Gdefects4dl: A Dataset of General Real-World Deep Learning Program Defects
Yunkai Liang,Yun Lin,Xuezhi Song,Jun Sun,Zhiyong Feng,Jin Song Dong
DOI: https://doi.org/10.1145/3510454.3516826
2022-01-01
Abstract:The development of deep learning programs, as a new programming paradigm, is observed to suffer from various defects. Emerging research works have been proposed to detect, debug, and repair deep learning bugs, which drive the need to construct the bug benchmarks. In this work, we present gDefects4DL, a dataset for general bugs of deep learning programs. Comparing to existing datasets, gDefects4DL collects bugs where the root causes and fix solutions can be well generalized to other projects. Our general bugs include deep learning program bugs such as (1) violation of deep learning API usage pattern (e.g., the standard to implement cross entropy function y•log(y), y → 0, without NaN error), (2) shape-mismatch of tensor calculation, (3) numeric bugs, (4) type-mismatch (e.g., confusing similar types among numpy, pytorch, and tensorflow), (5) violation of model architecture design convention, and (6) performance bugs.For each bug in gDefects4DL, we describe why it is general and group the bugs with similar root causes and fix solutions for reference. Moreover, gDefects4DL also maintains (1) its buggy/fixed versions and the isolated fix change, (2) an isolated environment to replicate the defect, and (3) the whole code evolution history from the buggy version to the fixed version. We design gDefects4DL with extensible interfaces to evaluate software engineering methodologies and tools.
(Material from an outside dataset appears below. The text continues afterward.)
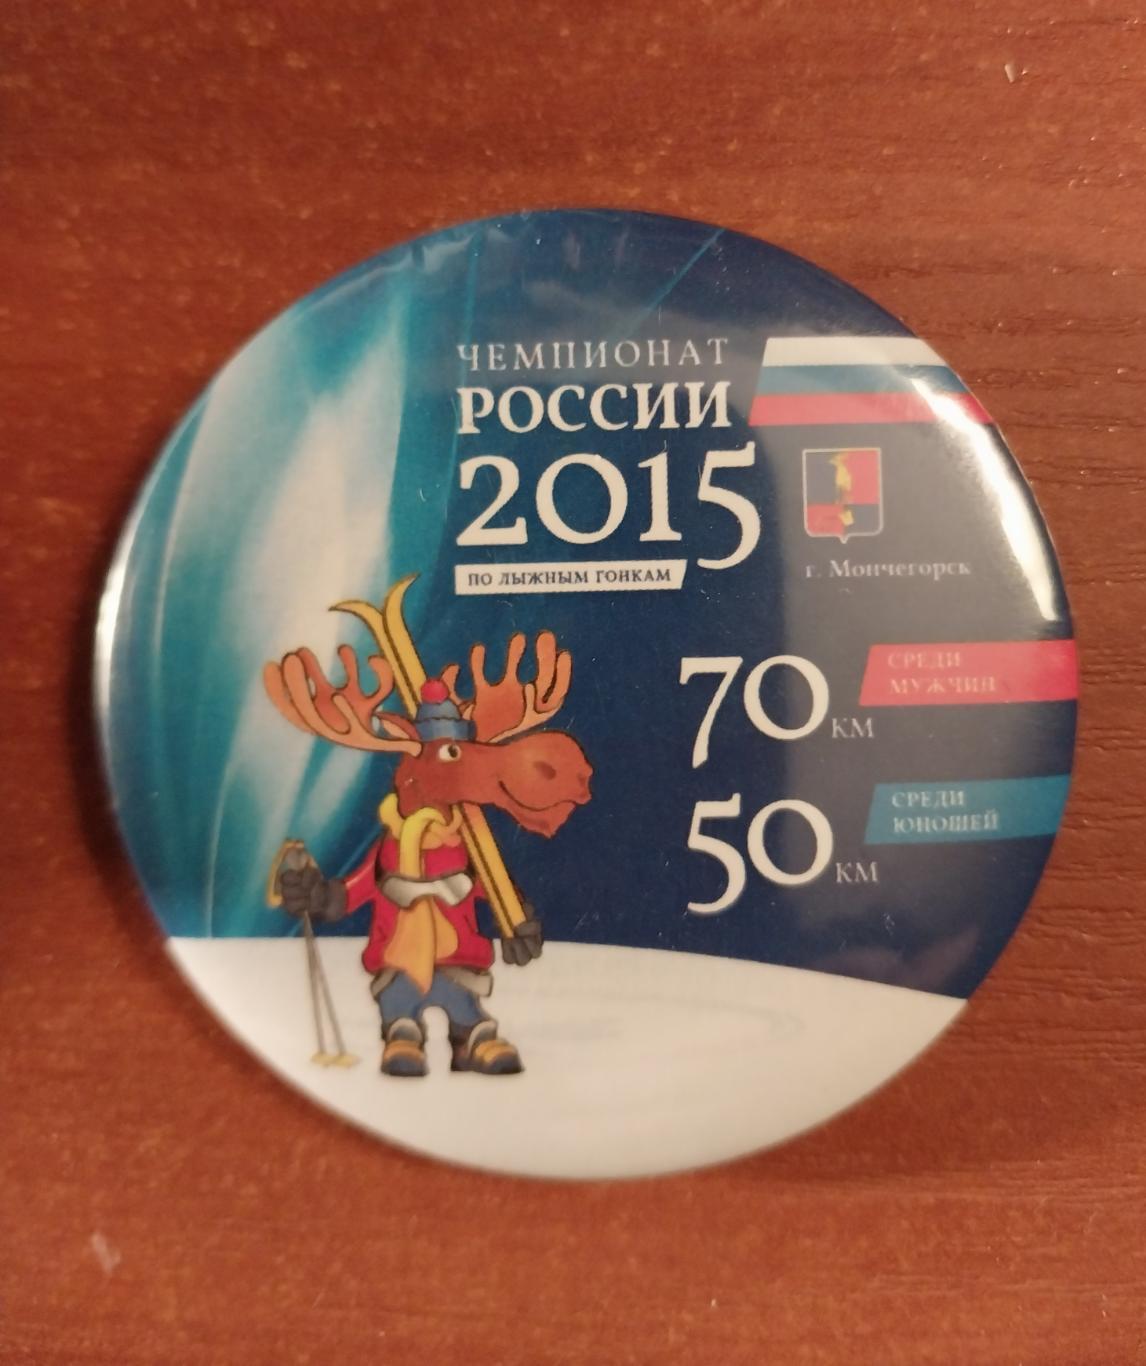 Лыжные гонки. Чемпионат России 2015. Мончегорск. 70 км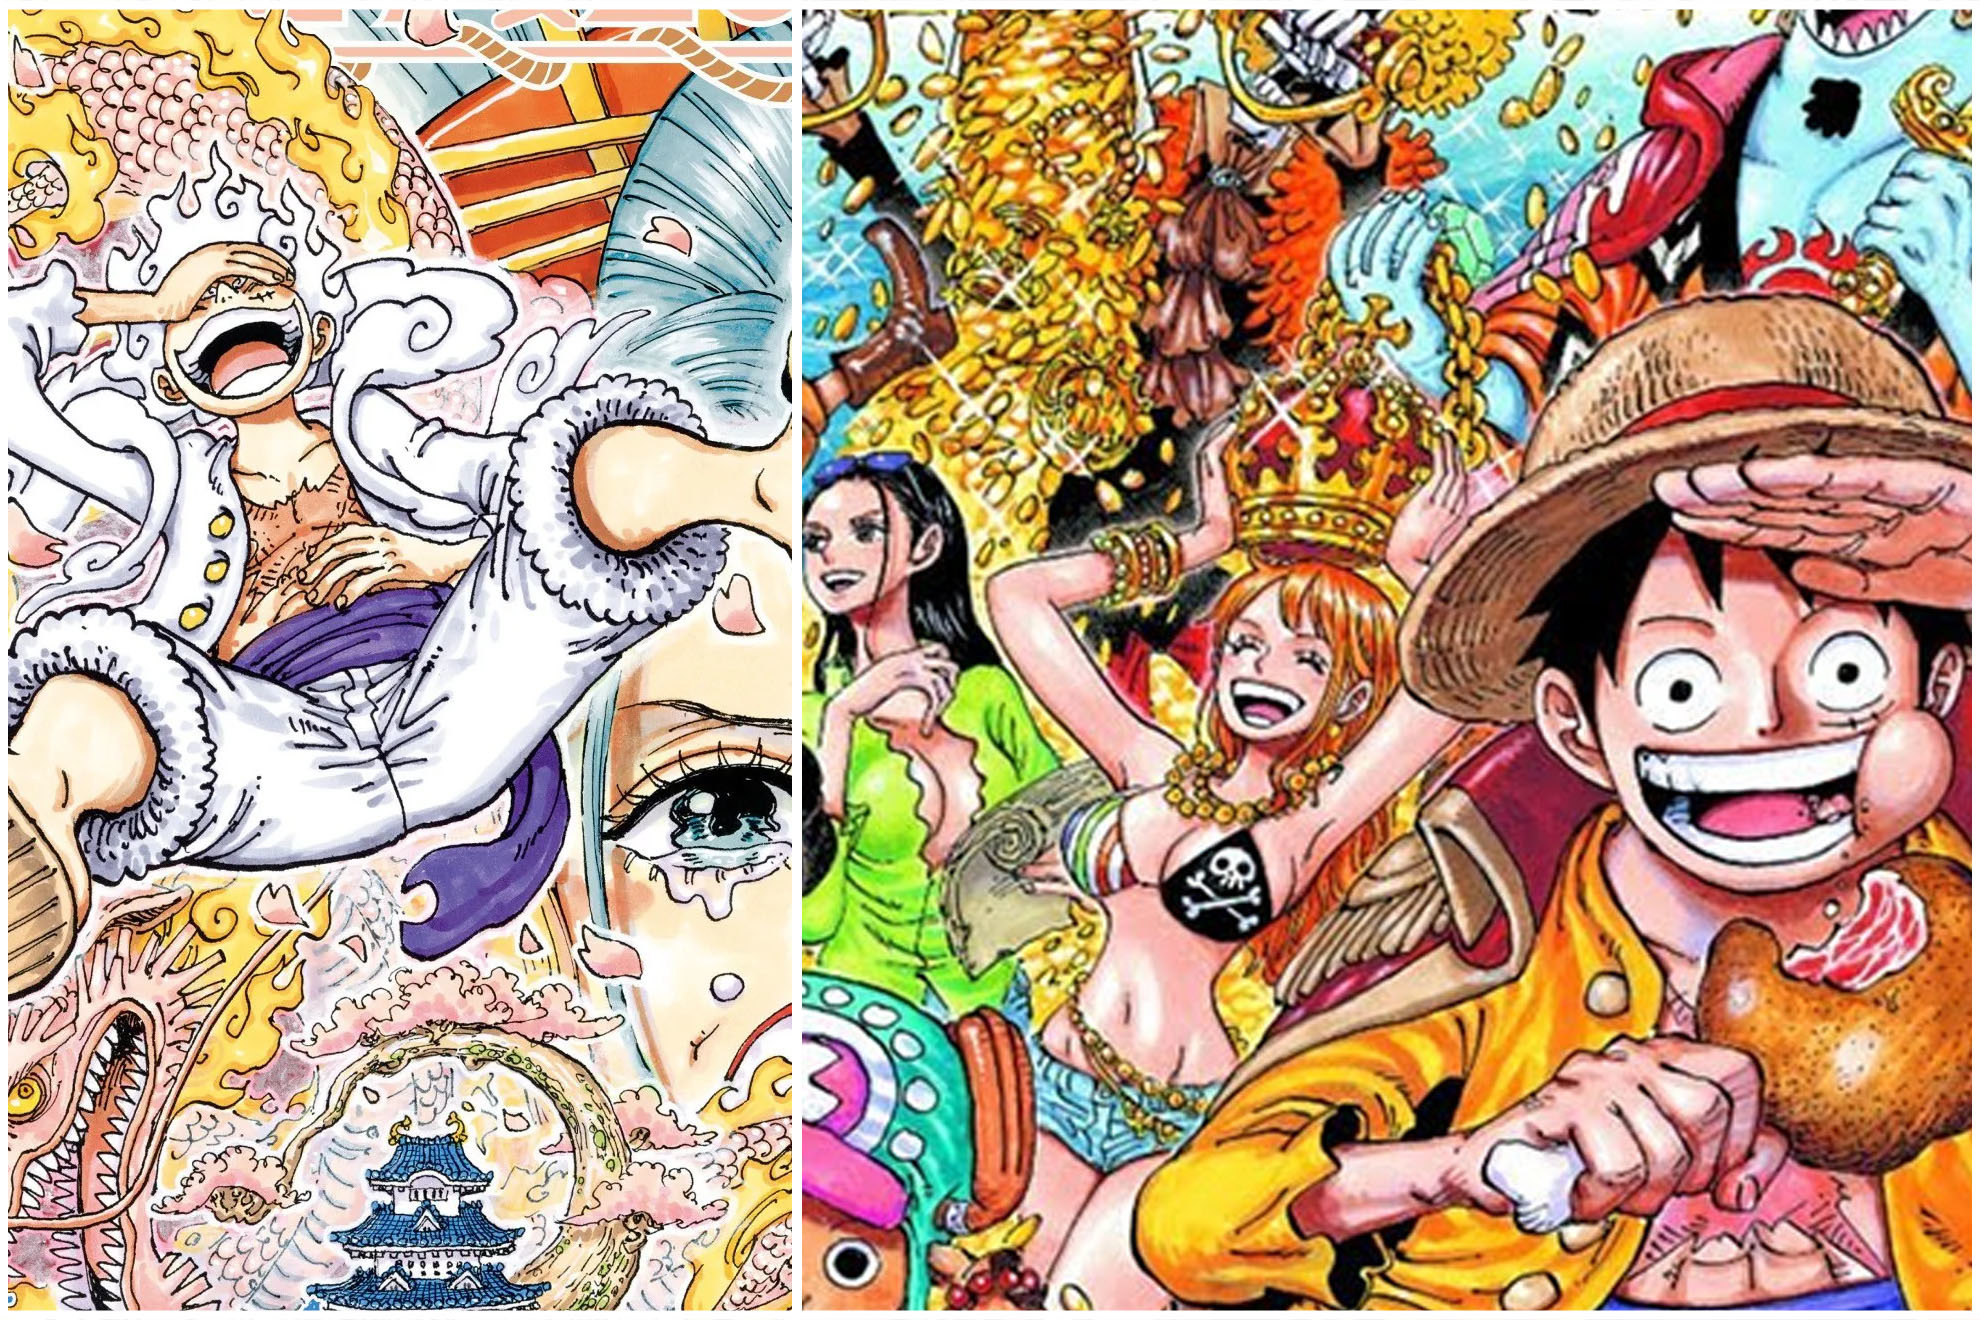 Dragon Ball Super manga 89 español completo manga plus: cuándo

We have integrated tools such as ShapeFlow, DEBAR, and GRIST. gDefects4DL contains 64 bugs falling into 6 categories (i.e., API Misuse, Shape Mismatch, Number Error, Type Mismatch, Violation of Architecture Convention, and Performance Bug). gDefects4DL is available at https://github.com/llmhyy/defects4dl, its online web demonstration is at http://47.93.14.147:9000/bugList, and the demo video is at https://youtu.be/0XtaEt4Fhm4.